Grunwald tritt am 24. September zur Wiederwahl an. Eine Machbarkeitsstudie, die 2016 in Auftrag gegeben worden war, hatte zwar gezeigt, dass man unter enormen Anstrengungen leerstehende Geschäftsräume für günstige Waren großer Hersteller nutzen könnte, doch scheint der Markt auf der Investorenseite dafür gesättigt zu sein, erklärte Grunwald. Andere Städte seien bereits in der Realisierungsphase.
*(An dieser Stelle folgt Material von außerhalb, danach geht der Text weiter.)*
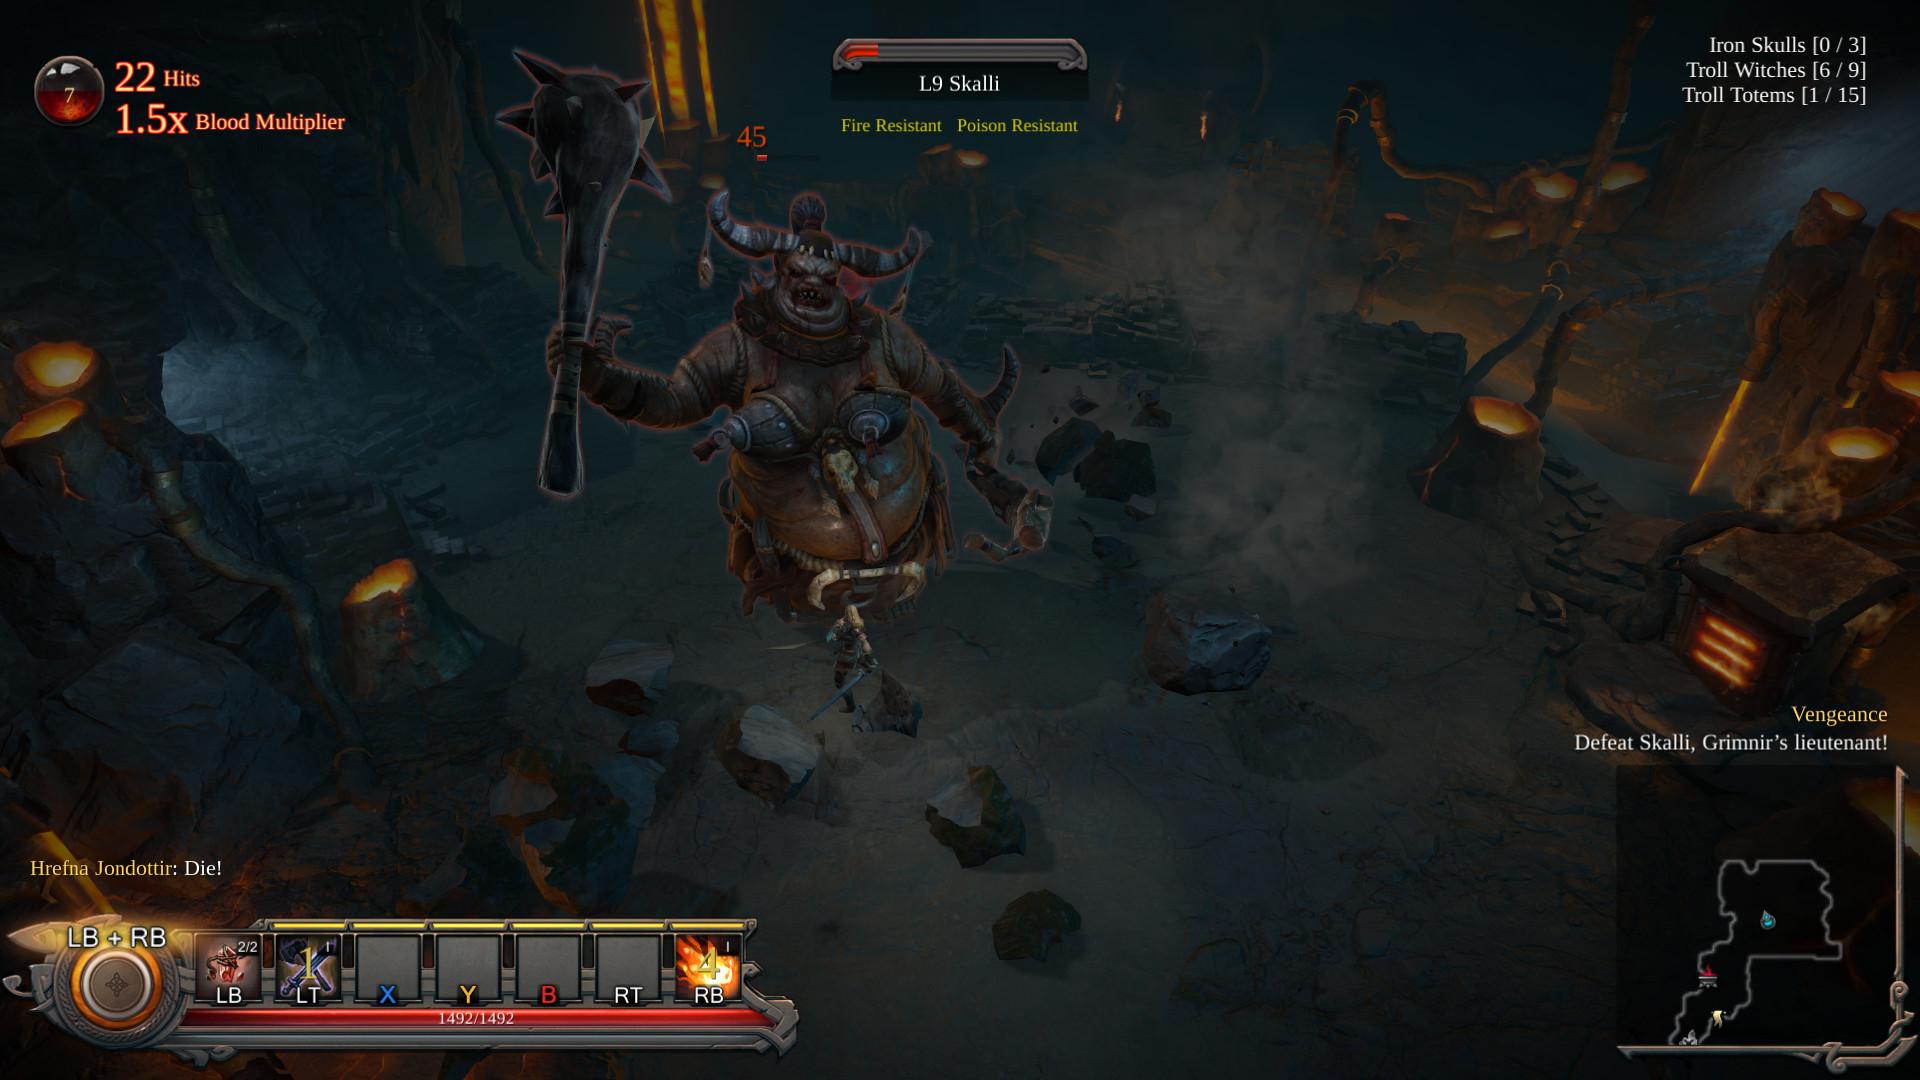 Vikings - Wolves of Midgard Screenshot 2

Auch die Renditeerwartungen für Investoren seien zu gering, das hätten Erfahrungen gezeigt.

Im Masterplan kündigt Grunwald auch an, mit dem Land verhandeln zu wollen: Die ehemalige Alheimer-Kaserne, die derzeit als Erstaufnahmeeinrichtung des Landes für Flüchtlinge genutzt wird, könnte nach seiner Einschätzung als zentraler Aus- und Fortbildungsstandort der Hessischen Steuer-, Justiz- und der Bundeszollverwaltung ausgebaut werden. Die Zahl der Studierenden in Rotenburg hat sich verdoppelt, es besteht akuter Wohn- und Studienraumbedarf. Voraussetzung ist, dass er dazu den Auftrag von der Stadtverwaltung dazu bekommt.